Mega Korupsi di BUMN Asuransi, PKS: Mengelola BUMN Seperti Main-main

JAKARTA -- Dua perusahaan asuransi pelat merah (BUMN) PT Asabri (Persero) dan PT Asuransi Jiwasraya (AJS) dinyatakan oleh Badan Pemeriksa Keuangan (BPK) telah merugikan negara hampir Rp 40 triliun.

Ketua Departemen Ekonomi dan Pembangunan DPP PKS Farouk Abdullah Alwyni mengatakan, nilai kerugian dua perusahaan asuransi BUMN tersebut sangat fantastis dalam sejarah pengelolaan keuangan BUMN.

Farouk menilai, kesalahan yang menimbulkan kerugian negara sangat besar ini terletak pada tata kelola investasi dan risiko yang dilakukan oleh institusi keuangan yang melayani nasabah TNI, Polri, PNS Kementerian Pertahanan (Asabri) serta nasabah umum (Jiwasraya) tersebut.

Belum selesai sampai di situ, publik kembali dikagetkan dengan perkara dugaan korupsi pengelolaan keuangan dan dana investasi BPJS Ketenagakerjaan atau BP Jamsostek.

"Saya melihat, ini sudah pada kayak main-main saja mengelola BUMN. Jiwasraya juga sudah dimasukkan dalam IFG (Indonesia Financial Group), BUMN Holding Perasuransian dan Penjaminan, dan juga telah meminta dan disetujui suntikan dana penanaman modal negara (PMN) sebesar Rp 20 triliun. Bahkan, saat ini sedang dalam proses untuk mendapatkan tambahan sebesar lagi Rp 2 triliun lagi," jelas mantan direktur Bank Muamalat tersebut dalam keterangannya, Jumat (5/3/2021).

"Berbagai skandal mega korupsi diatas menunjukkan buruknya penerapan corporate governance di BUMN Asuransi ataupun institusi negara kita,” kata Farouk.

Menurut alumnus New York University dan Birmingham University tersebut, kasus Asabri dan Jiwasraya memperlihatkan bahwa ada kelemahan fundamental terkait supervisi dari pemerintah selaku pemegang saham pengendali (PSP).

Kementerian BUMN dan Kementerian Keuangan tidak dapat mendeteksi persoalan-persoalan yang ada sejak dini yang pada akhirnya terjadi ledakan dari akumulasi persoalan yang ada. Farouk lantas juga mempertanyakan fungsi pengawasan OJK.
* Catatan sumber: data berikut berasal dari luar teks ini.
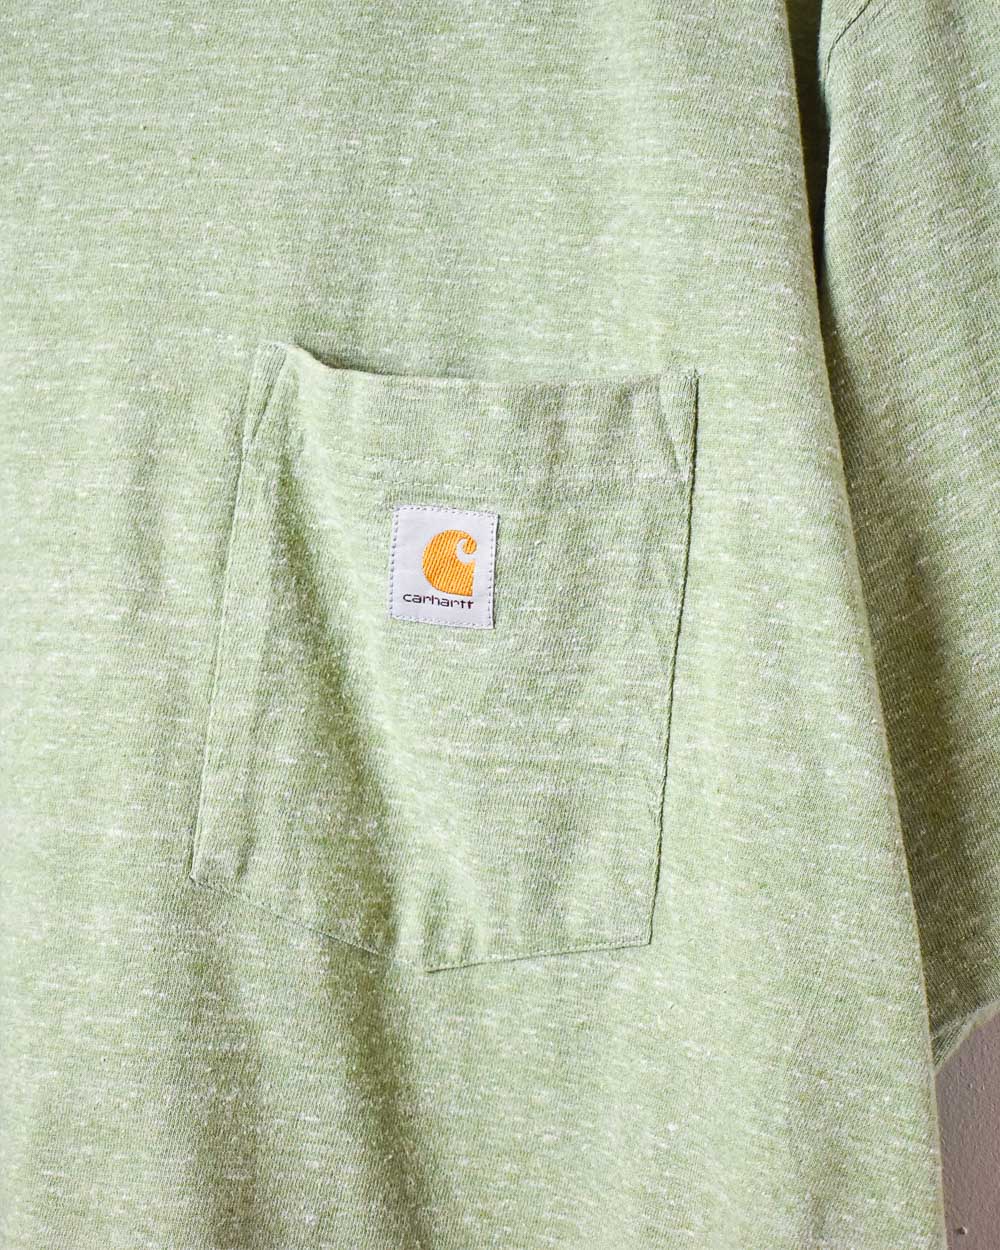 Green Carhartt Pocket T-Shirt - XX-Large

Dengan melihat proses kolusi tersebut, Farouk menyentil paket remunerasi yangg besar bagi para pejabat pemerintah dan petinggi BUMN karena faktanya tidak sejalan dengan kinerjanya.

"Meski para petinggi dan pejabat BUMN telah menikmati remunerasi yang besar tapi tetap saja korupsi, maka disini ada persoalan sistemik baik terkait GCG maupun terkait etika dan integritas dari para pengelolanya," tukasnya.

"Bayangkan jika dana dana (remunerasi-red) tersebut bisa dimanfaatkan untuk program pengentasan kemiskinan, suntikan dana untuk para pelaku sektor usaha mikro, kecil, dan menengah (UMKM), dan juga perbaikan fasilitas kesehatan tingkat kelurahan,” imbuh Farouk.

PKS memandang dari kasus-kasus perampokan duit negara bermodus investasi ini ujung pangkalnya adalah masalah dalam pengelolaan dana investasi di BUMN-BUMN keuangan, lembaga keuangan dan entitas pemerintah.

Jika ditilik lebih dalam, ada kemiripan dalam praktik investasi di Jiwasraya dan Asabri. Kemiripannya adalah kedua BUMN Asuransi tersebut banyak menginvestasikan dananya disaham tidak likuid. Pada kasus Jiwasraya hanya 5 persen yang diinvestasikan disaham LQ45, disamping juga 98 persen dari reksadana dikelola oleh manajer investasi yang tidak termasuk ‘top tier.’  

Bahkan banyak saham-saham yang dimiliki oleh Jiwasraya juga dimiliki oleh Asabri. Hal yang lebih mengagetkan adalah, saham-saham tersebut terafiliasi dengan Heru Hidayat dan Benny Tjokrosaputro (Bentjok), yang keduanya menjadi terdakwa untuk kasus Jiwasraya dan status tersangka untuk kasus Asabri.

Hal ini terjadi karena adanya kerjasama antara Heru dan Benny dengan Jiwasraya maupun Asabri dalam mengelola investasi kedua BUMN tersebut, sebagaimana disebutkan oleh persidangan Jiwasraya dan pernyataan Kejagung.